*TASK STATEMENT*.
Word for word, repeat the data that follows. Do not include the pictures.

*DATASET EXTRACT*.
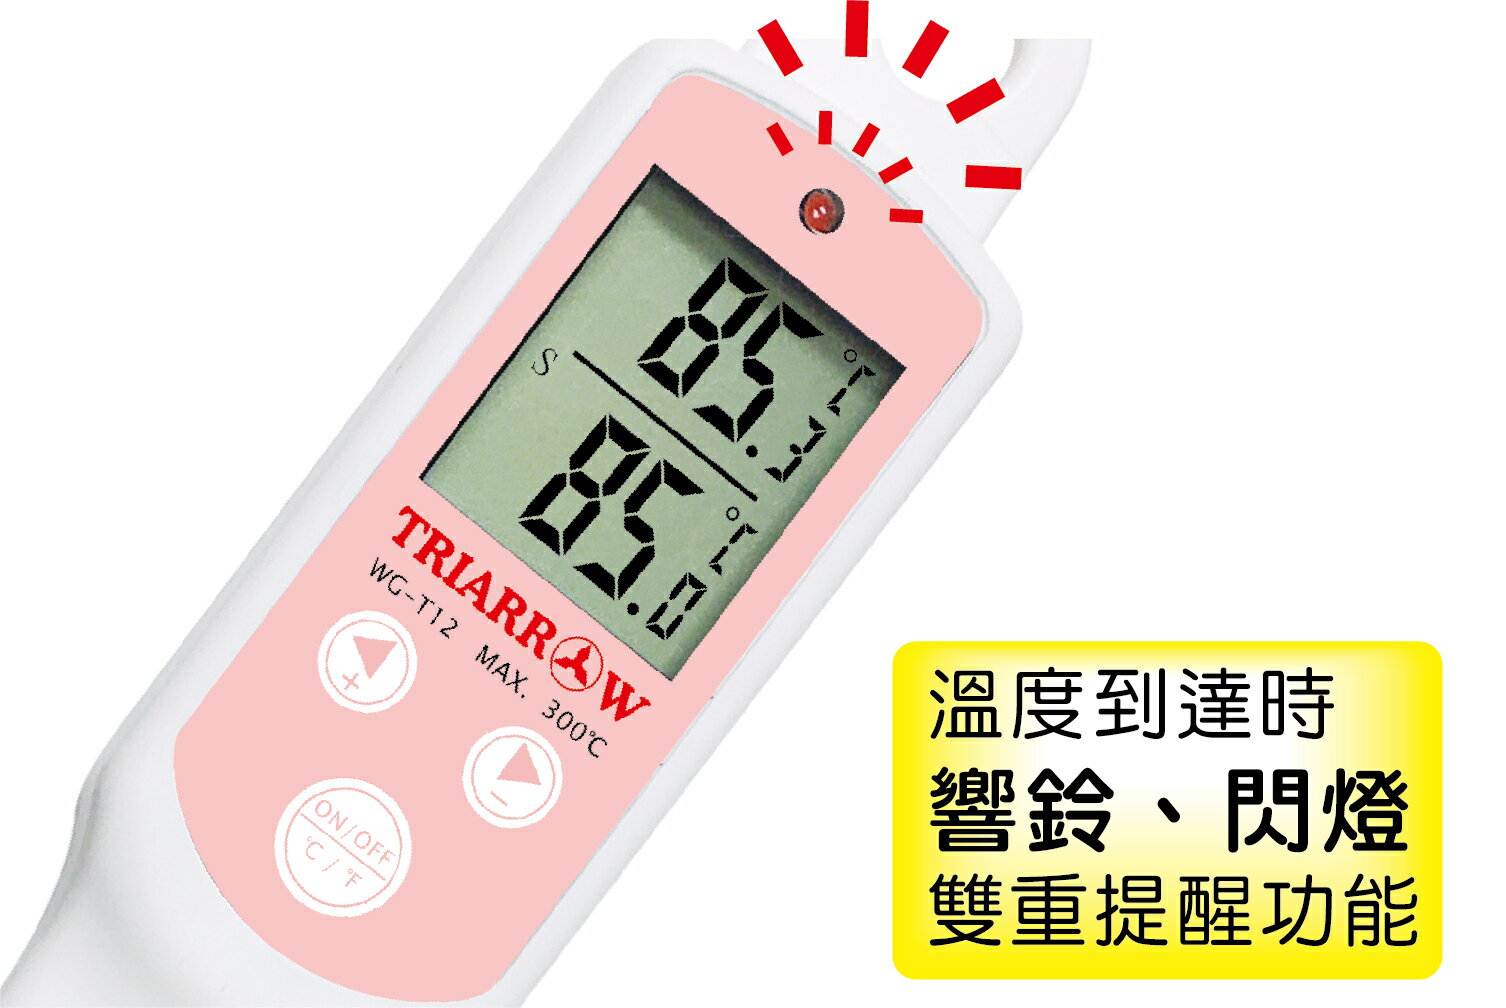 響鈴大視窗WG-T12電子溫度計250度 食品溫度計 料理溫度計 溫度測量 不鏽鋼探針 響鈴設計(伊凡卡百貨)
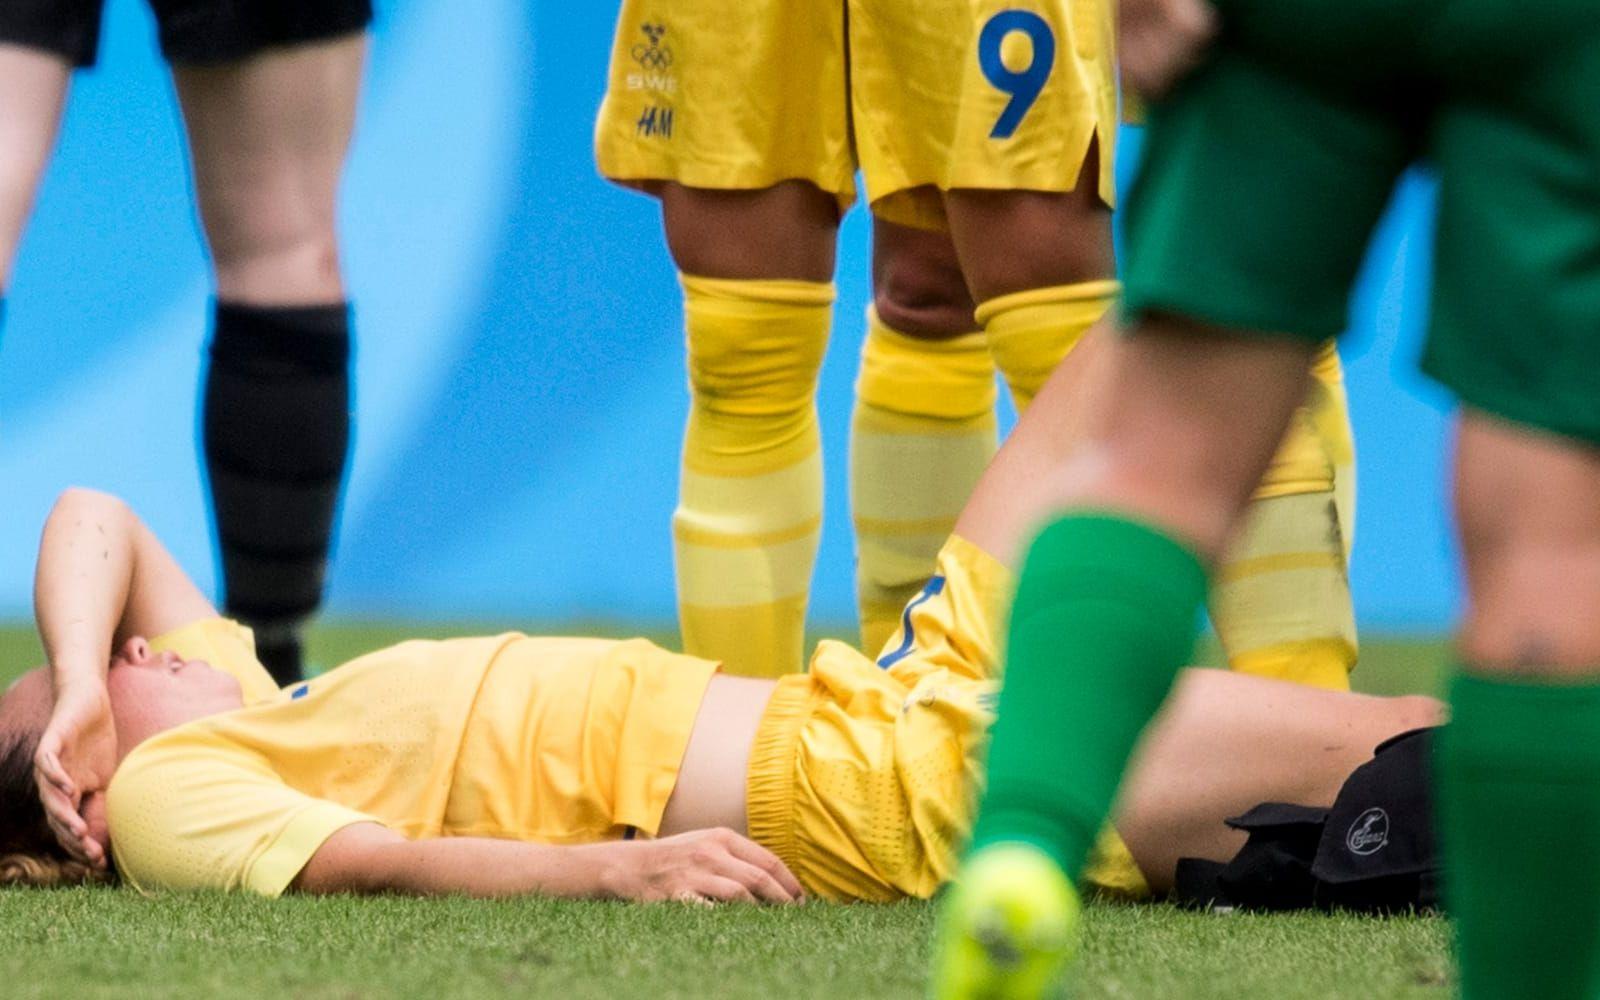 Värre såg det ut när duktiga Jessica Samuelsson fick en smäll mot foten i slutet av matchen. Bild: Petter Arvidson/Bildbyrån
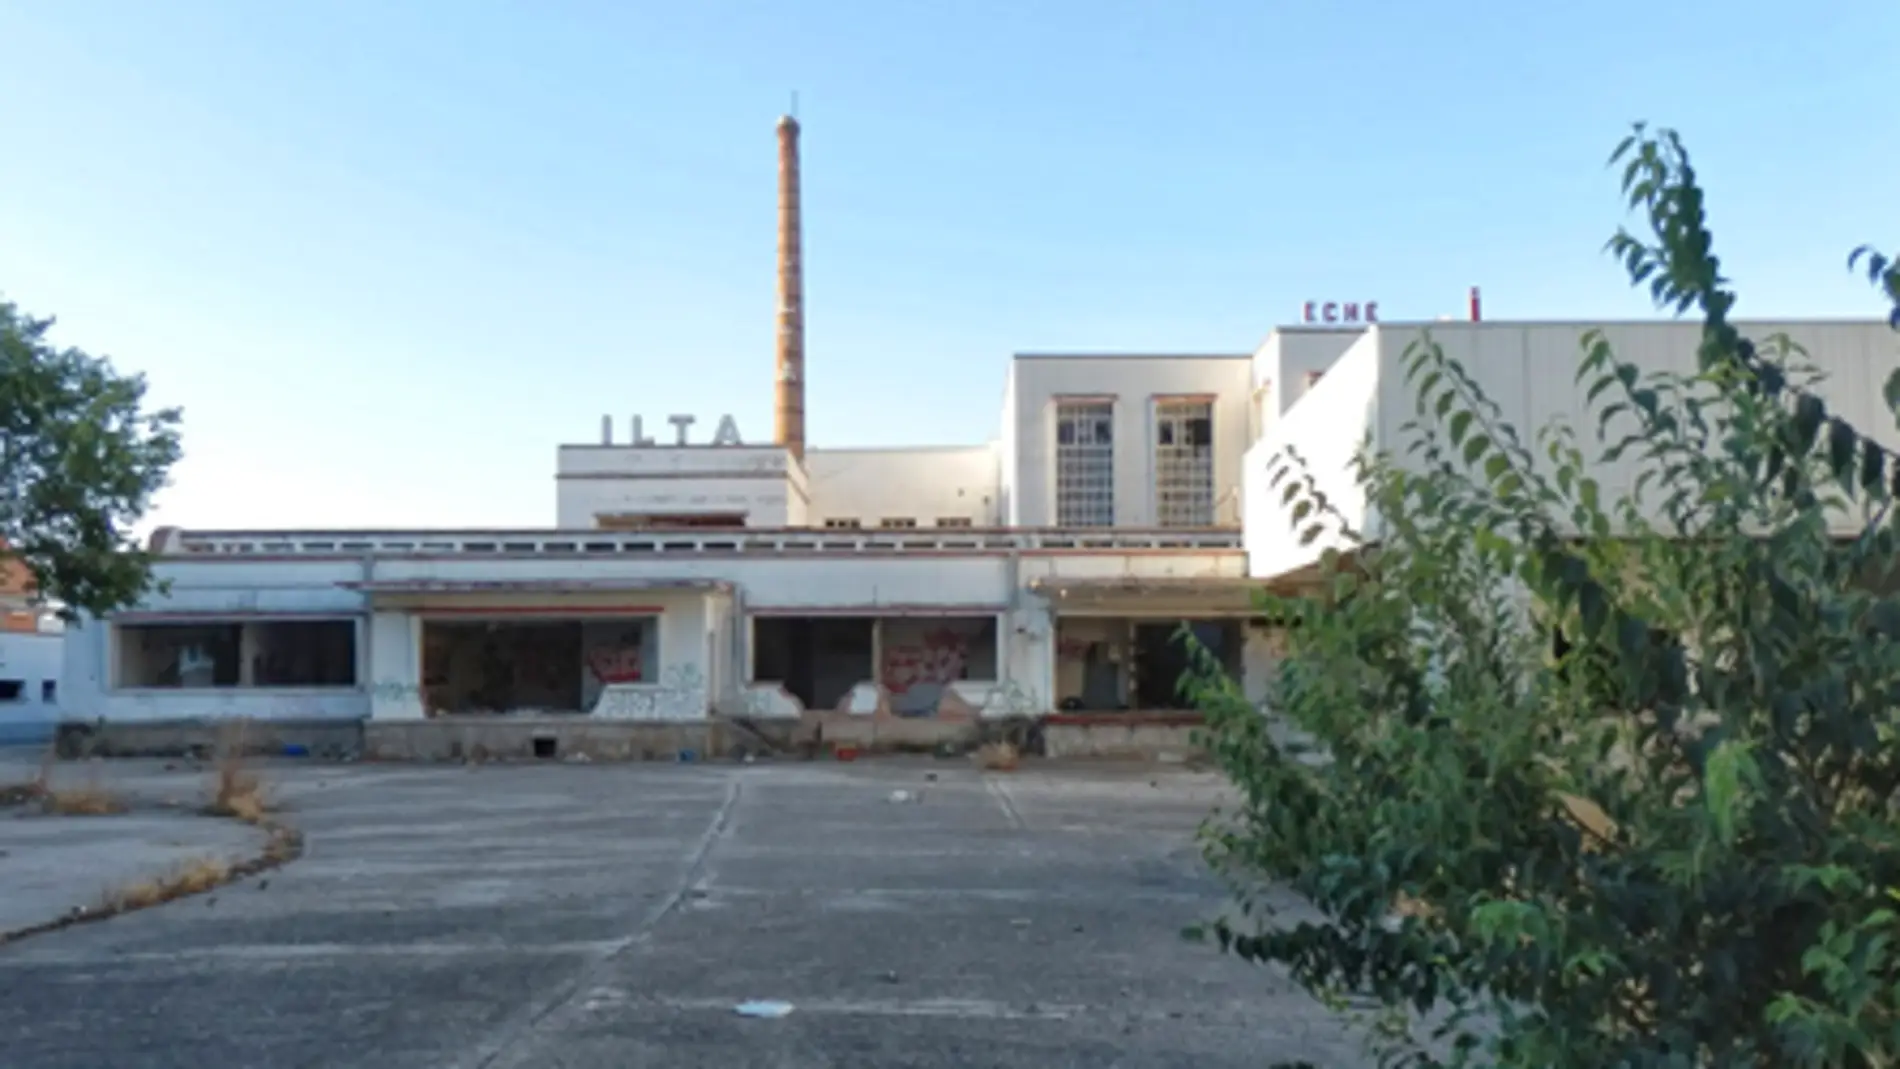 Sale adelante el PAU para reorganización la antigua fábrica de la ILTA
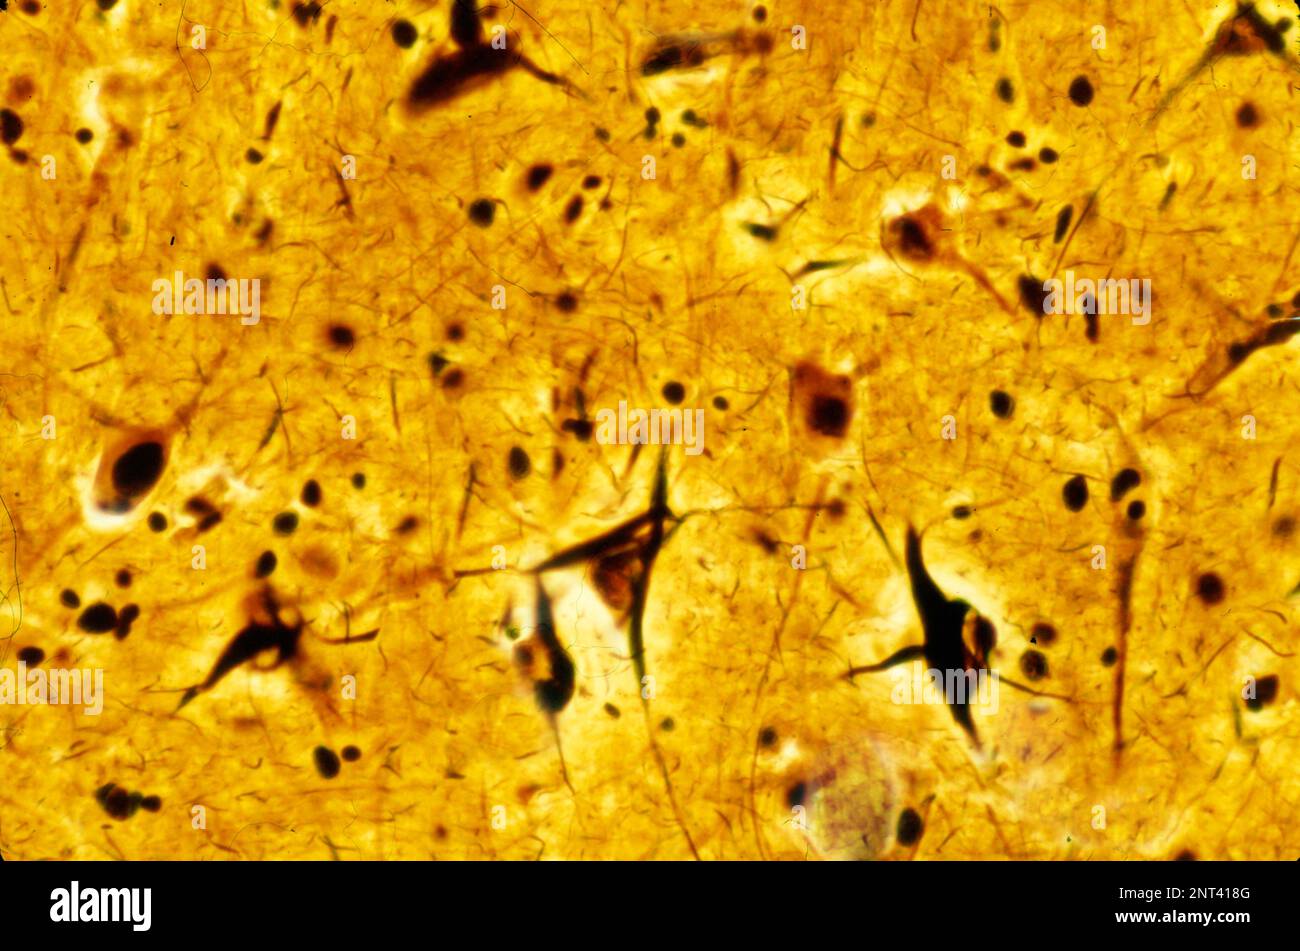 Micrographe léger d'un cortex cérébral humain montrant des enchevêtrements neurofibrillaires dans plusieurs neurones pyramidaux. Les enchevêtrements neurofibrillaires (TNF) sont un acte charant Banque D'Images

*SOLUTION*.
 響鈴大視窗WG-T12電子溫度計250度 食品溫度計 料理溫度計 溫度測量 不鏽鋼探針 響鈴設計(伊凡卡百貨)
 Värre såg det ut när duktiga Jessica Samuelsson fick en smäll mot foten i slutet av matchen. Bild: Petter Arvidson/Bildbyrån
 Sale adelante el PAU para reorganización la antigua fábrica de la ILTA
 Micrographe léger d'un cortex cérébral humain montrant des enchevêtrements neurofibrillaires dans plusieurs neurones pyramidaux. Les enchevêtrements neurofibrillaires (TNF) sont un acte charant Banque D'Images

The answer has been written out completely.